Can a Simple Thank-You Note Really Make a Difference?

thank-you note

Websites geared to job seekers and respiratory care educators alike will tell you that you should follow up any interview you get for a job with a simple thank-you note to the person or persons you interviewed with.

Does that really make a difference in whether or not you are hired? We asked three managers to weigh in on this topic.

Good tie breaker

“Yes, in specific circumstances,” said Regina Ambrosini, BSRT, RRT, RC manager at Vassar Brothers Medical Center in Poughkeepsie, NY. “For example, I am trying to decide between two different candidates and they both presented themselves very well and there is no appreciable difference between the two. If one sends a thank-you that would provide appreciable difference.”

What’s included in the note comes into play as well. Ambrosini likes to see an acknowledgment that the interview took place and mention of a few of the key areas discussed during the session. She also expects the job seeker to reiterate his or her interest in acquiring the position.

But she doesn’t want a lengthy letter that recaps everything that was said.

“This is not the time to rehash the entire interview or to correct any information given or expand on the discussion,” she said.

So, what is her preferred way to receive a thank-you note?

“Email,” said the AARC member, noting that it’s the quickest to receive and acknowledge.

It can’t hurt

Donald Carden, MBA, RRT, CPFT, director of respiratory care at Via Christi Hospitals Wichita, Inc., in Wichita, KS, explains that he doesn’t really expect to receive a thank-you note from the job seekers he interviews, but it couldn’t hurt if it was sincere and simply written.

“In their own words, the candidate should thank the interviewer for the opportunity to learn more about the open position and reaffirm their interest,” Carden said. “Perhaps mention something that helped to pique their desire to work for the company.”

He also stresses the need to check carefully for grammatical and spelling errors, and he advises job seekers to forego any mention of salary.

As for how Carden would like to receive the letter, he’s open to email or snail mail, but says texting should be avoided.

“I would not be interested in receiving a text from a candidate I do not know very well,” Carden said.

A great example

Wendy Castro, MsRC, RRT-NPS, respiratory care site manager at Providence St. Vincent Medical Center in Portland, OR, agrees a thank-you note is important.

“If I receive a personal thank-you, I feel that the candidate is more invested in getting the position,” she said. “It does not mean that the candidate will be selected, but in the event that several candidates have similar credentials and experience it can only help.”

The AARC member says email works for her too, and like Carden, advises people to steer clear of texting. That, she says, is a means of communication better left to personal correspondence between family and friends.

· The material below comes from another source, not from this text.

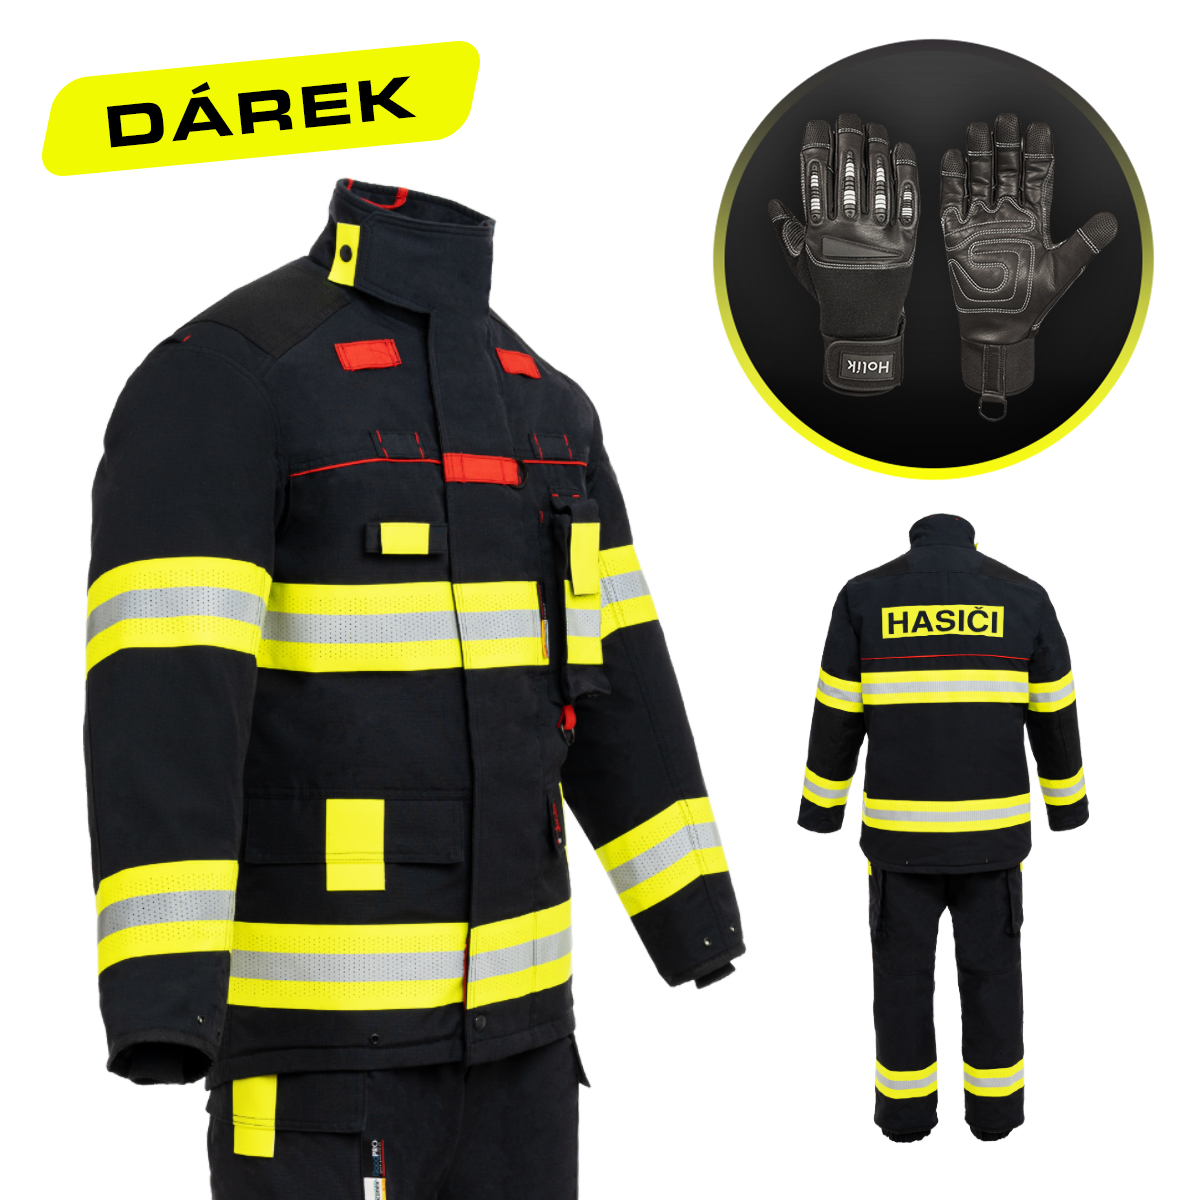 AKCE - Zásahový oděv FireRex CLASSIC + DÁREK - rukavice PENELOPE

What should the letter entail? Castro offers this great example:

I would like to thank you for your consideration and for taking the time to talk with me today regarding the respiratory therapist position at _________. It was a pleasure to speak with you. I truly enjoyed learning more about the hospital, the department, and the great level of care you provide for your patients. I enjoyed learning more about this city and talking about hiking, coffee, and trails. I also enjoyed hearing about the experience and background you have.

I am very enthusiastic about the opportunity to join the respiratory team at _______. I am confident that my experience and skills are a great match for this opportunity. 

I look forward to hearing from you, and to hopefully meet with you all again in the near future. If you need any further information, please do not hesitate to contact me at ________.

Thank you again for taking the time out of your day to meet with me.